**What you will do:** Transcribe the whole listing exactly, but do not carry over its pictures.
Collected material below:
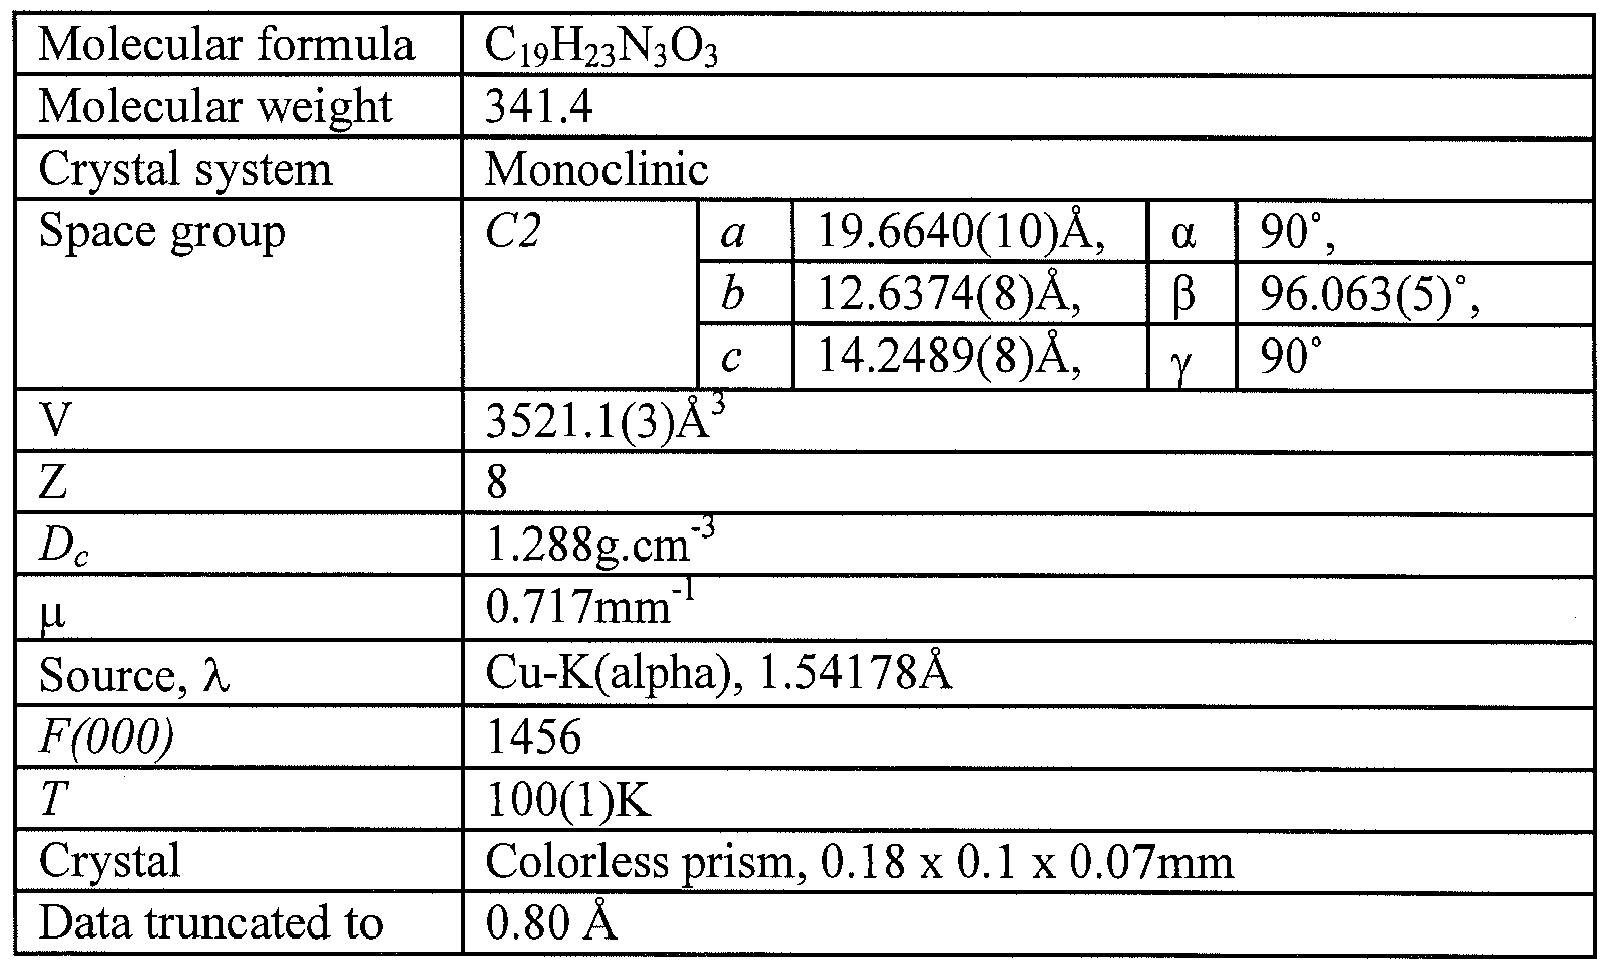 WO2015183801A1 - Nicotine salts, co-crystals, and salt co-crystal
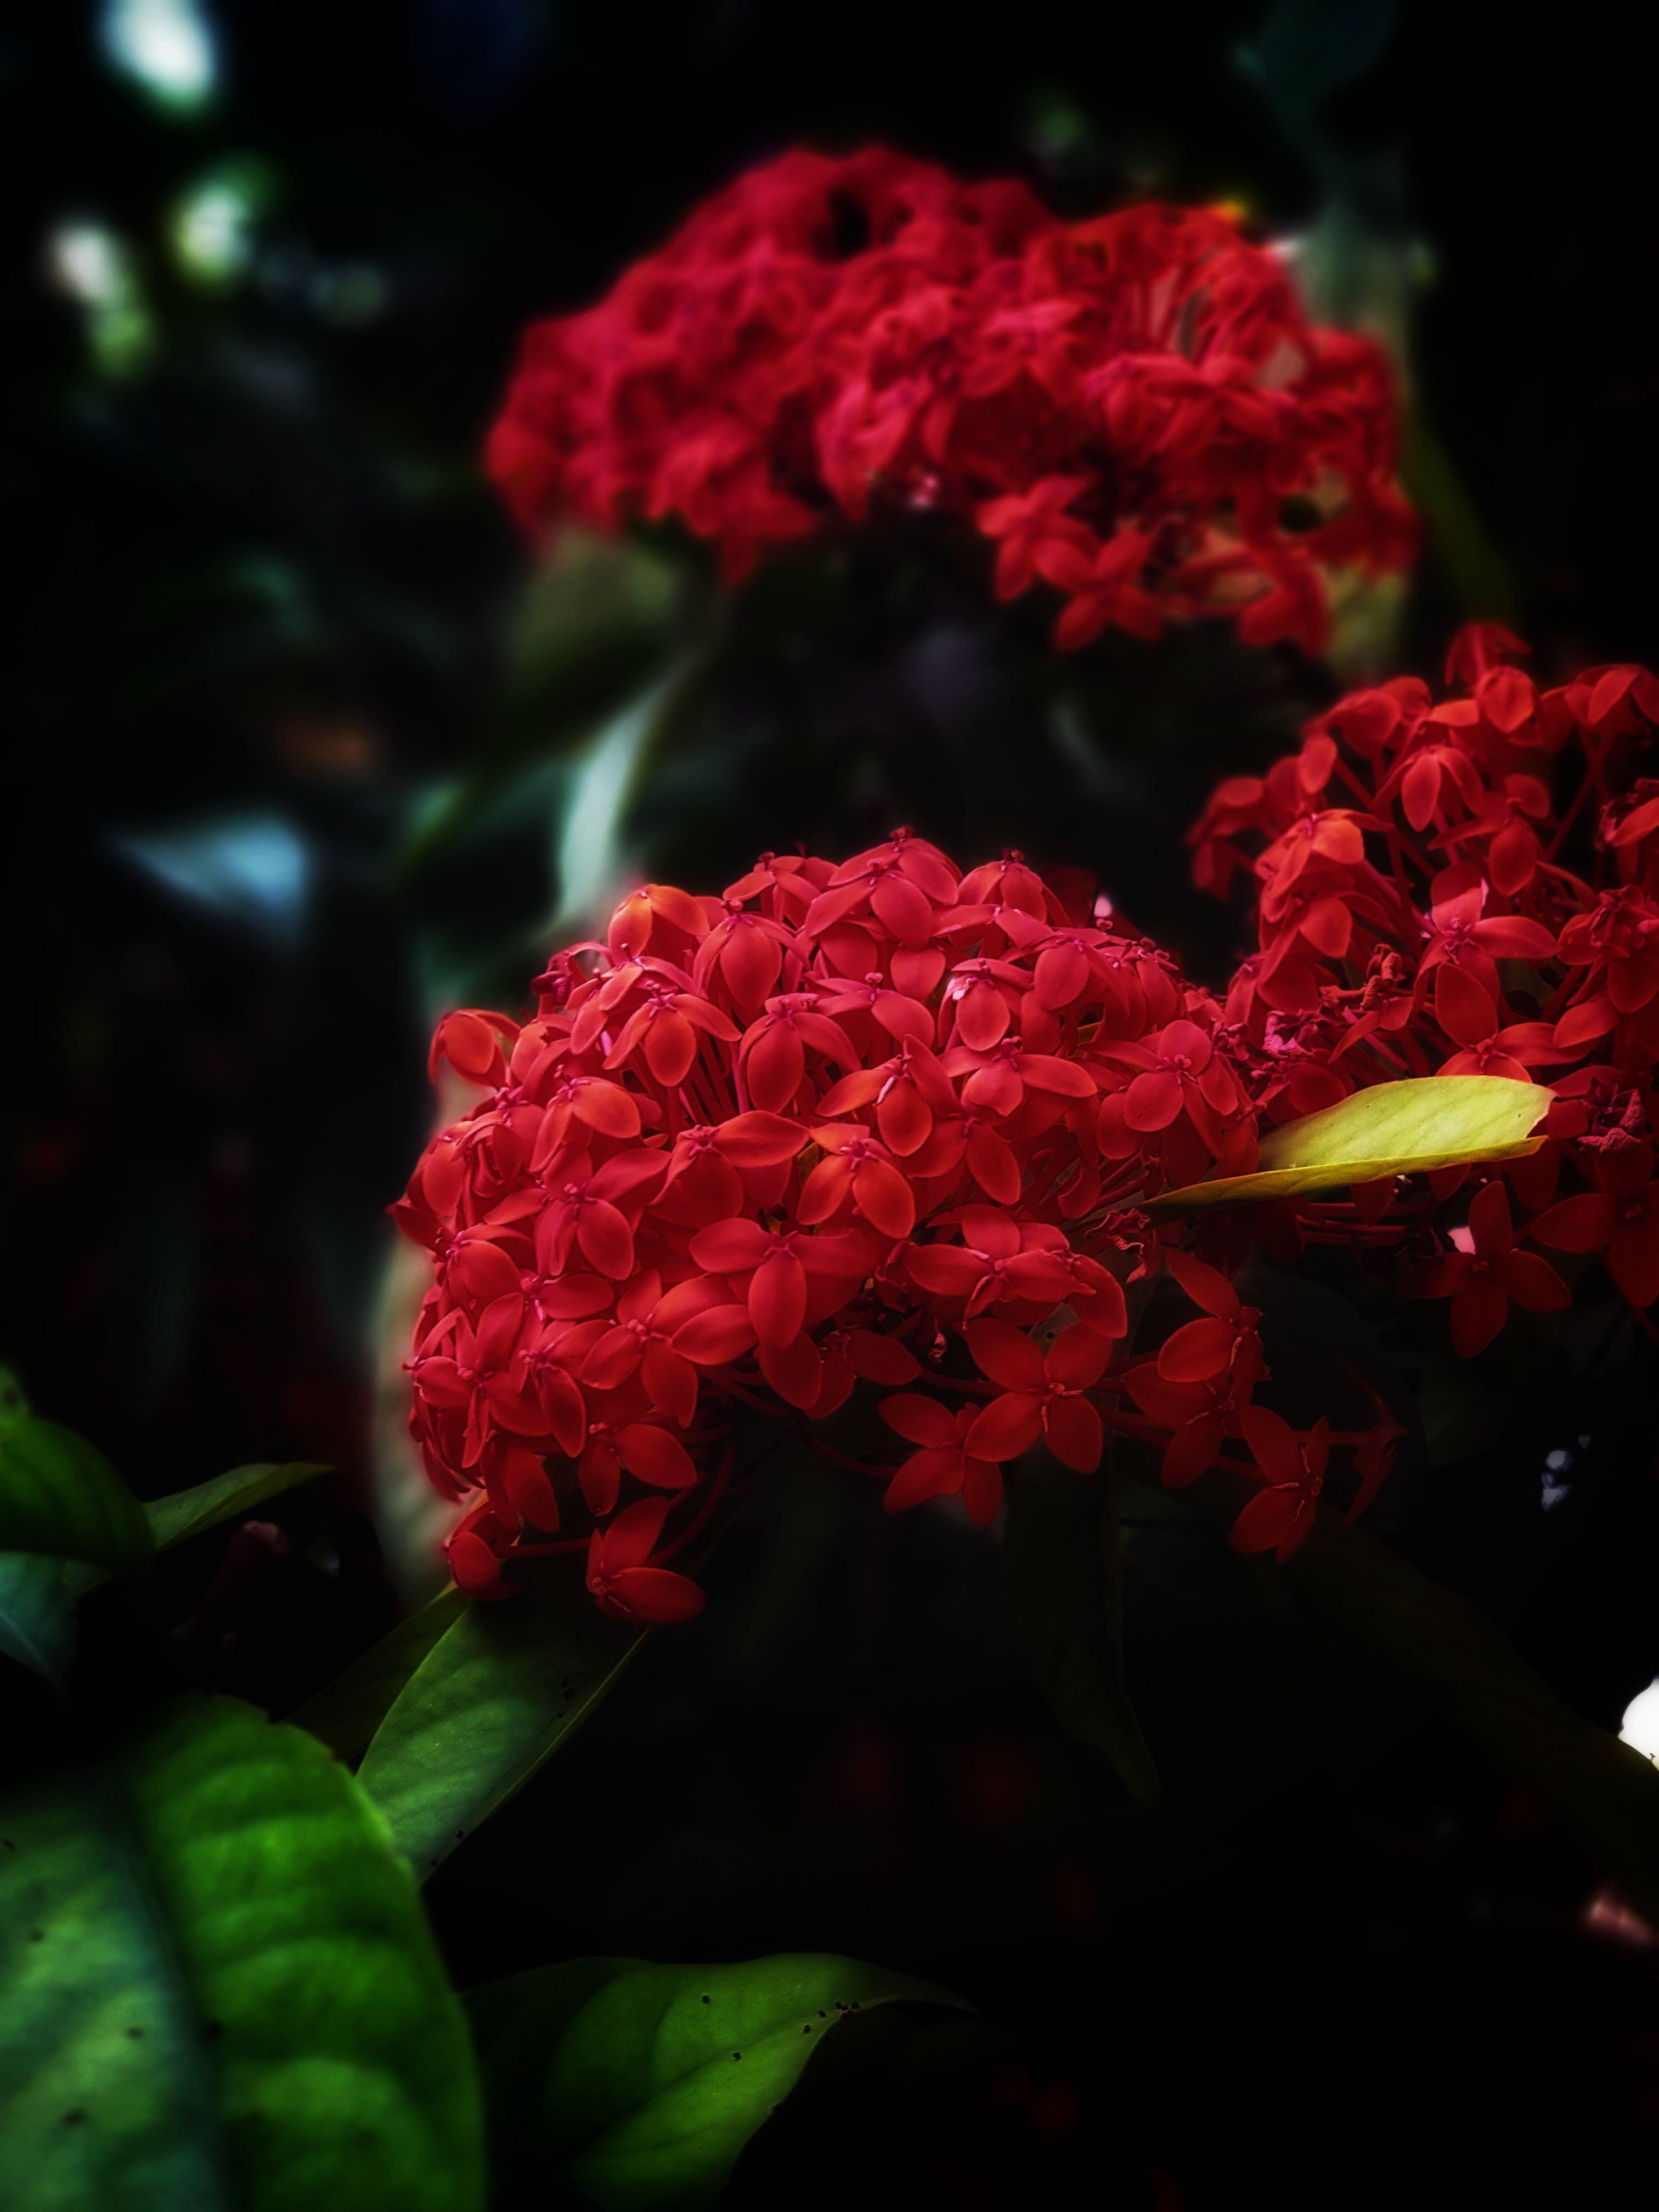 Free stock photo of #mobilechallenge, beautiful flowers, bunch of flowers, dark green
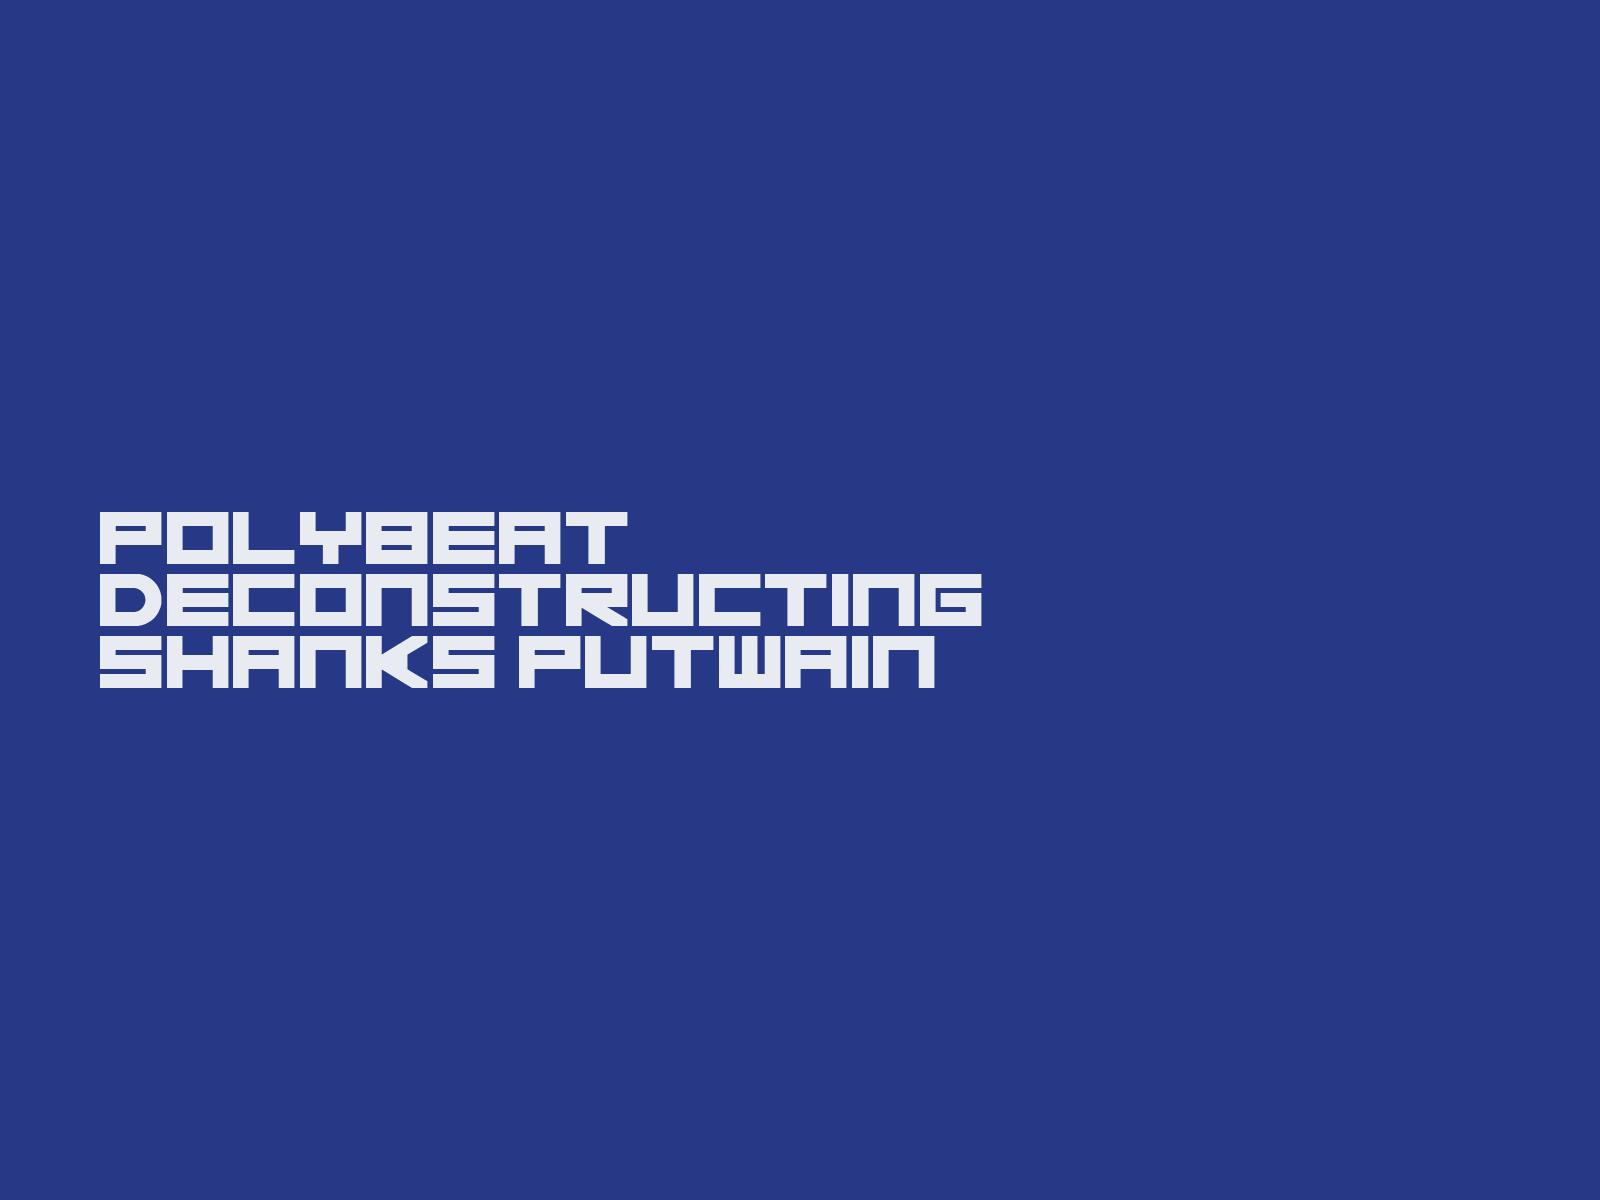 Polybeat - Deconstructing Shanks Putwain.jpg
End of Collected material.
**Exercise answer:**
 WO2015183801A1 - Nicotine salts, co-crystals, and salt co-crystal
 Free stock photo of #mobilechallenge, beautiful flowers, bunch of flowers, dark green
 Polybeat - Deconstructing Shanks Putwain.jpg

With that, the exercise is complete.